I’m eager to see the rest of this story!

Comment #107402

Posted by Torbjörn Larsson on June 22, 2006 9:14 AM (e)

“What if the domain is infinite and the cost function goes to infinity somewhere?”

What does that mean? If you look at fitness instead I guess you have 0-100 % of the population reproducing with on average n children. How is fitness defined, do you need to invoke cost, and how do you map between?

Comment #107434

Posted by Mike Rogers on June 22, 2006 11:44 AM (e)

Adam Ierymenko wrote:

If there’s a God, how come his followers behave as if there isn’t?

I get the impression that the ID people are far more concerned about the perceived consequences of whether or not people believe in God than they are about the actual truth of the matter.

I think that they believe in God in the much same way some older children believe in Santa Claus. In latter case, the child has pretty much figured out what’s really going on but still chooses to feign belief a little longer because it’s fun. In the case of ID, they firmly believe, regarding themselves, that disbelief in God will consign them to unmitigated existential angst and a loss of meaning or purpose to life and, regarding others, that disbelief in God will inevitiably lead to cultural decline and moral chaos.

But they still have enough of a lurking intellectual conscience to crave some balance between their desire to believe in God and the values of reason and science via some kind of rationalization. They also often have scientistic leanings, since modern science has been so successful. The resulting inner tension, combined with their own repressed nihilism, makes fideism, or else just belief based on non-scientific grounds, seems psycholgically unaccepatble. So to them the truth isn’t really what counts. It’s just about having a (pseudo-) scientific justification for their faith and convincing everyone else of its truth. To them, that end justify any means.

Comment #107448

Posted by Corkscrew on June 22, 2006 1:23 PM (e)

For a function to have an infinite limit somewhere as you describe, I think it has to satisfy at least some conditions of continuity.

Good point. I’d note, however, that there are other functions that would mess things up - for example, if for any n there exists an infinite number of elements of the set of genotypes/phenotypes such that the cost function evaluates to greater than n. This wouldn’t necessarily need to be continuous. Consider, for example, the markings on a ruler, where the length is more or less proportional to int(log10(x)).

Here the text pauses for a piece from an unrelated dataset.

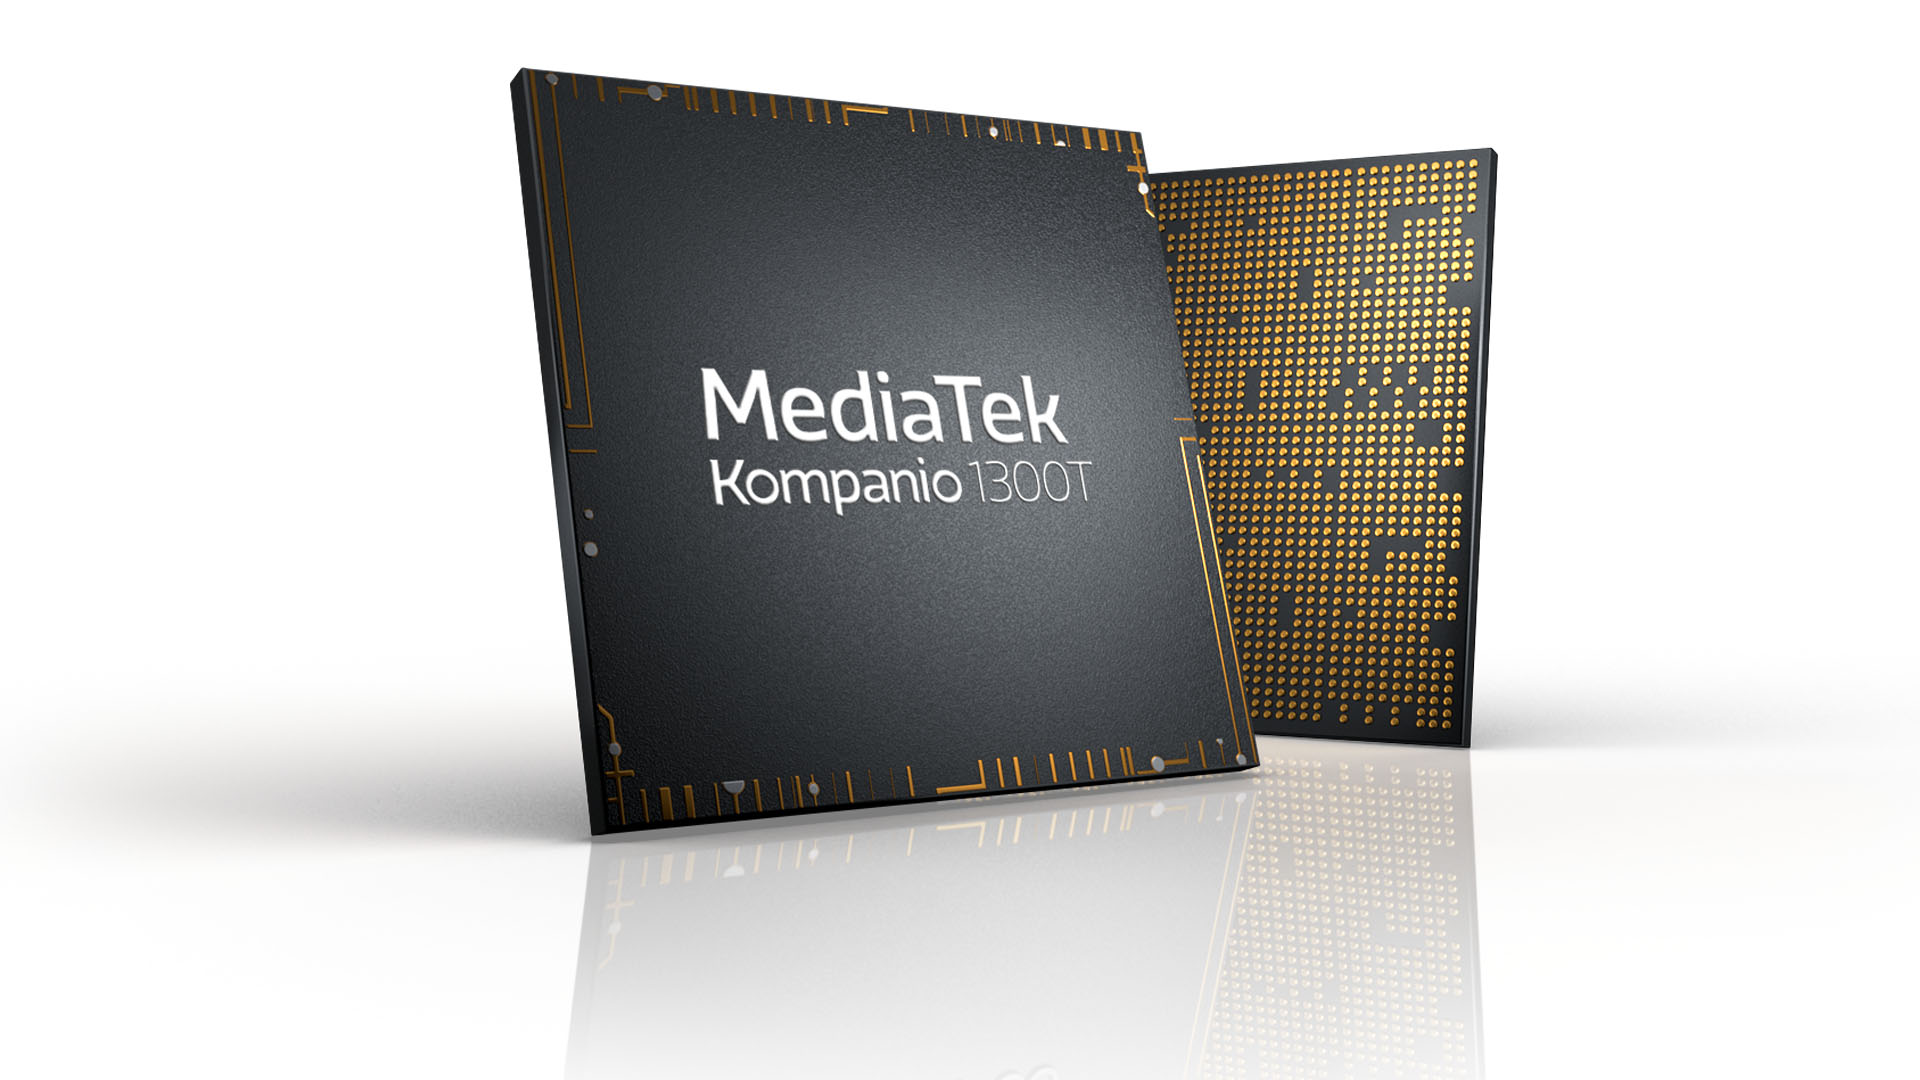 MediaTek เปิดตัวแพลตฟอร์ม Kompanio 1300T เพื่อยกระดับประสิทธิภาพแท็บเล็ตให้ทรงพลัง

That sure as hell ain’t continuous, but still has an infinite number of elements of cost > any given value.

Finally, I think the comments about random search still apply. If I have a fitness function, whether or not it has some range values that are much higher than the others (outliers) or even has some infinite limits in places, it is still relatively easy to find values in the 99%tile, 99.9%tile etc. just by random sampling.

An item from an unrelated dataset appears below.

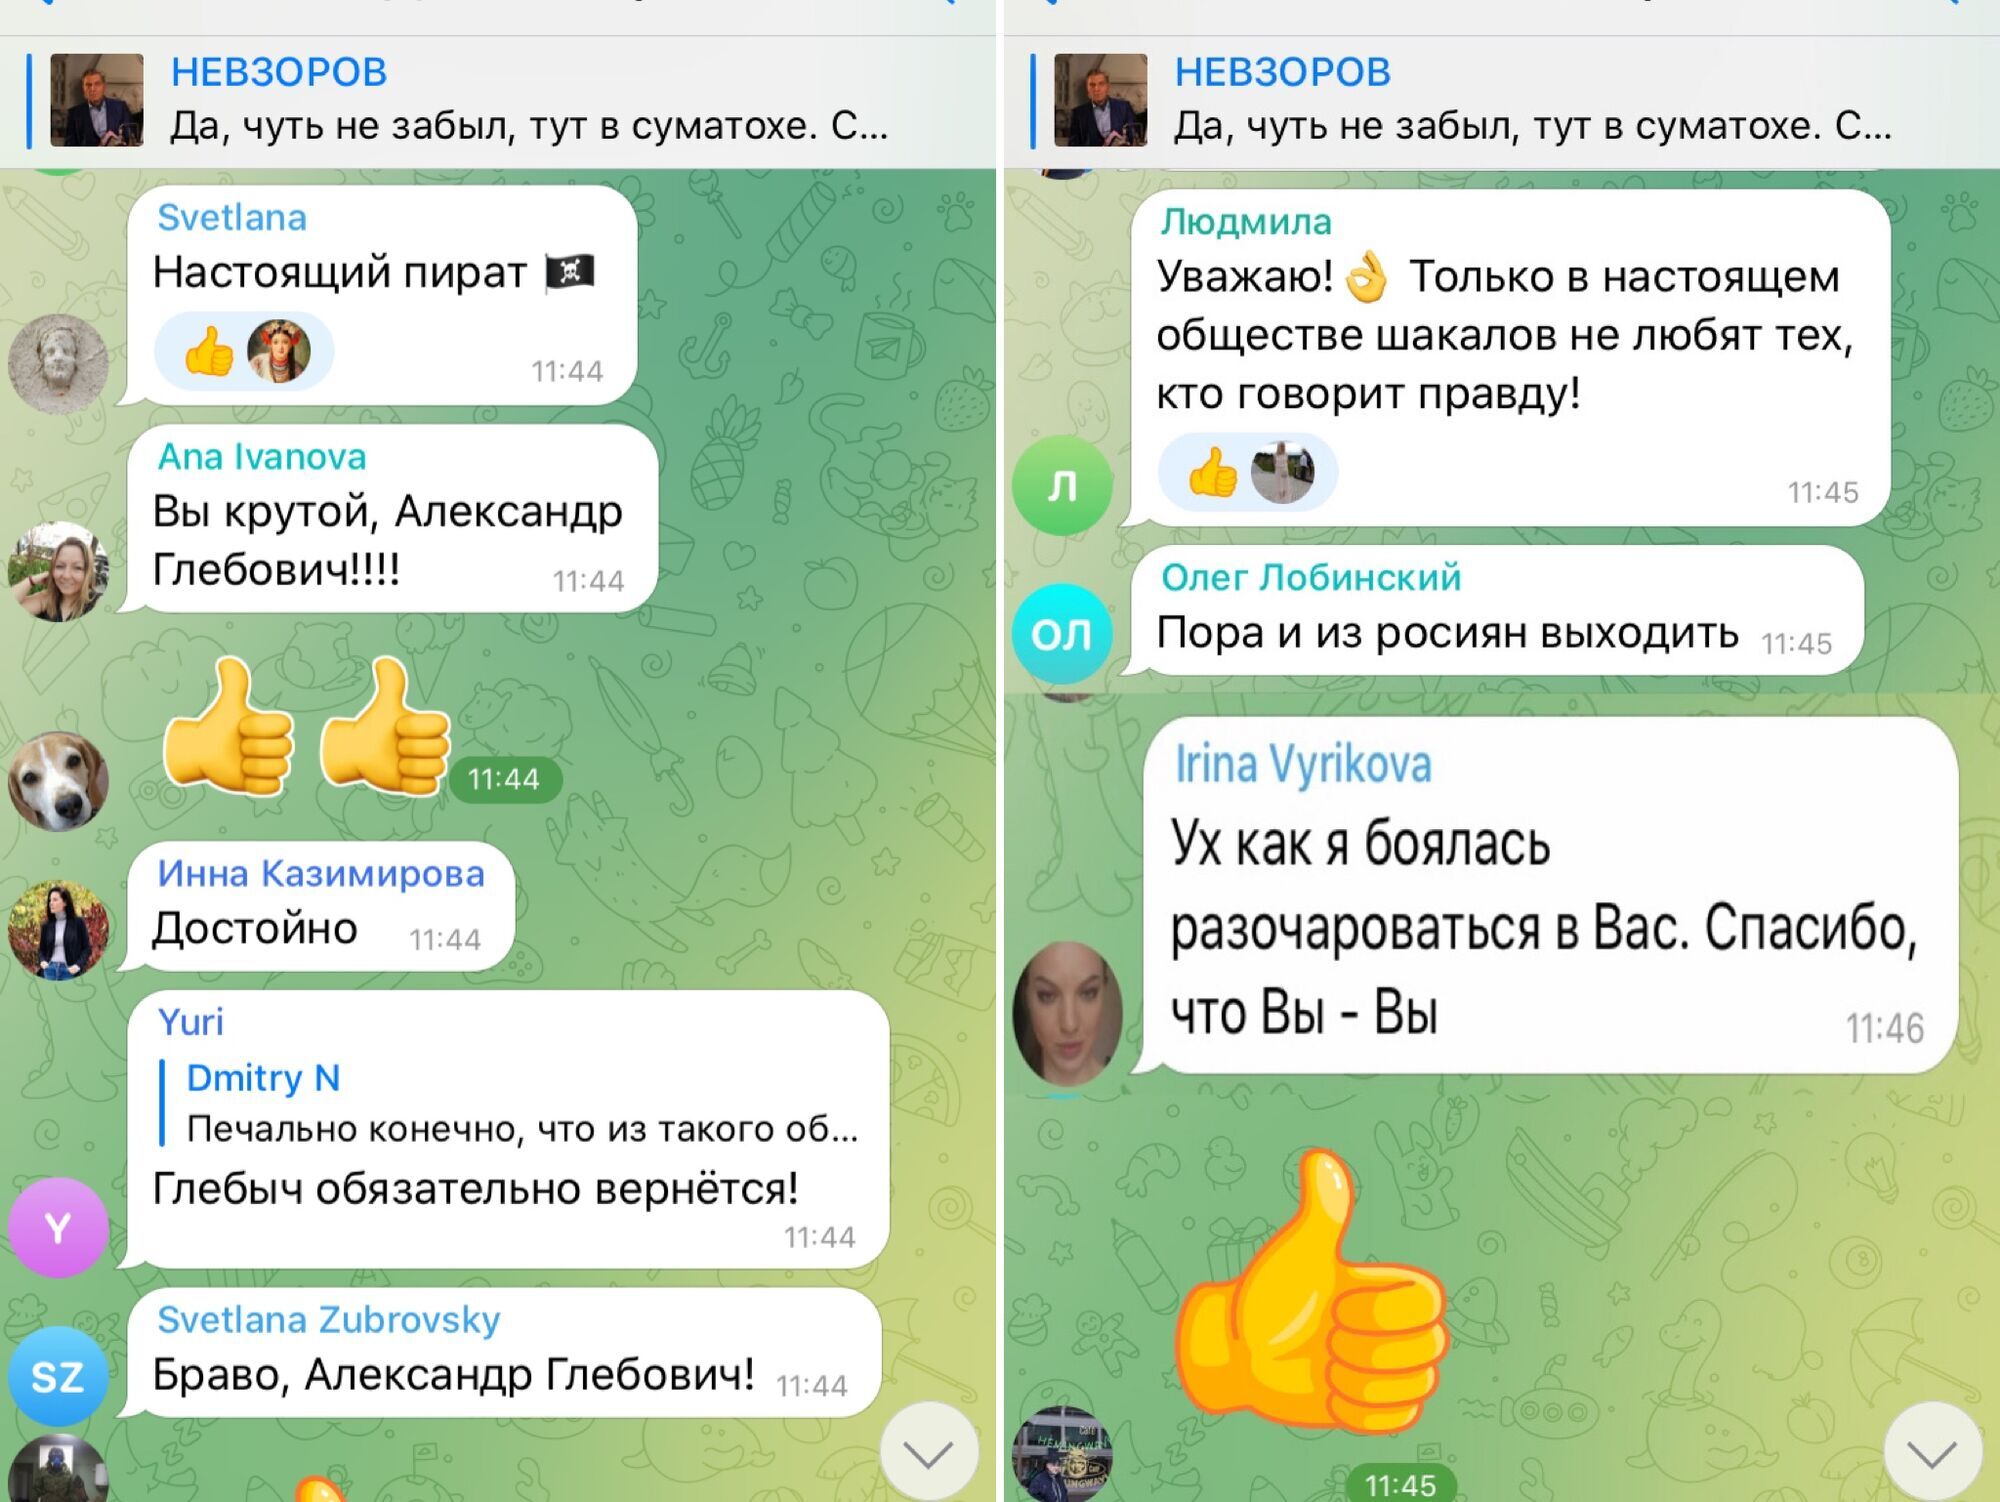 Комментарии под публикацией Невзорова

Gah, you’re right, I need to read up on my measure theory. My problem was I was having trouble seeing how percentages could be usefully defined on certain sets.

TL wrote:

Furthermore, if NFL assumes “(1) never visit the same point twice, and (2) eventually visit every single point in the space” it doesn’t necessarily apply to evolution.

And the second point, although incidental, puts the nail in my objection’s coffin - obviously you can’t visit every single point of an infinite space.

Comment #107456

Posted by Donald M on June 22, 2006 2:21 PM (e)

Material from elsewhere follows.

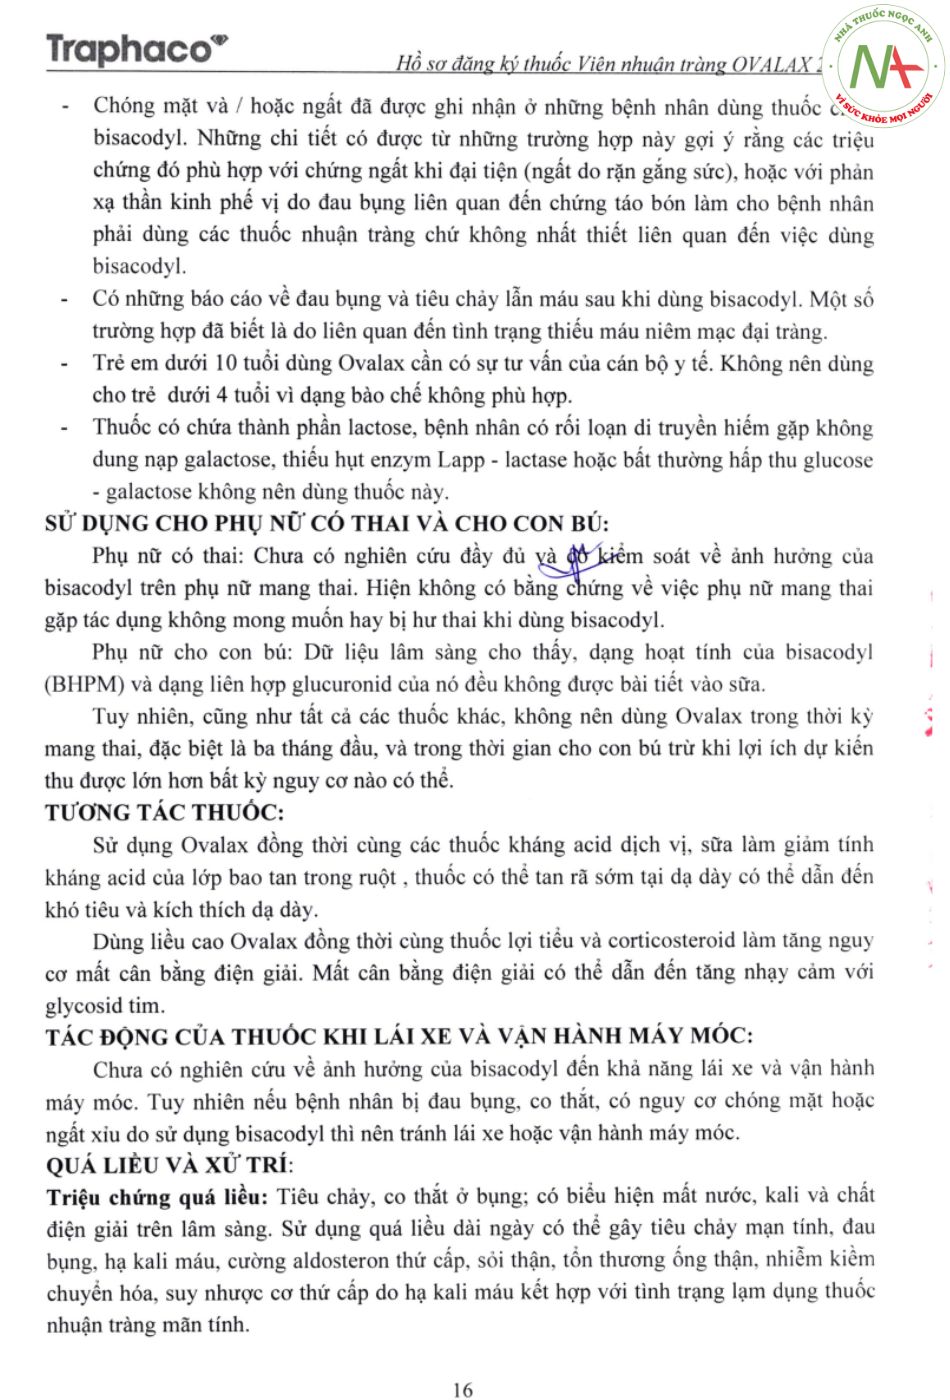 Hướng dẫn sử dụng thuốc Ovalax trang 3

In another thread PvM wrote:

What a little critical thinking and access to google can do…

Apparently, Pim, you didn’t heed your own advice in this post (or your earlier one on this subject for that matter). Besides the fact that you remove your quotes from Dembski from their full context in order to create your pretext, you don’t even cite the correct source. Instead of using a brief summary statement from the response to Orr, why didn’t you quote directly from the book No Free Lunch? I presume you’ve read it, since you participated in the ISCID online study/disucssion group with Dembski a couple years back. Also, you completely ignore Dembski’s further eloborations and development of his concepts in this article and this one as well as this one, all of which are relevant to your project of trying to dismantle Dembski.

Further, you’re careful to footnote the source for the Dembski quote from the Orr paper, but you don’t bother to reference where we can find the original ISCID discussion that contains the elaborate quote from Erik. Given how out of context so much else of your ramblings seem to be, I have to wonder if this oversight was because you didn’t want anyone to see the rest of the ISCID discussion.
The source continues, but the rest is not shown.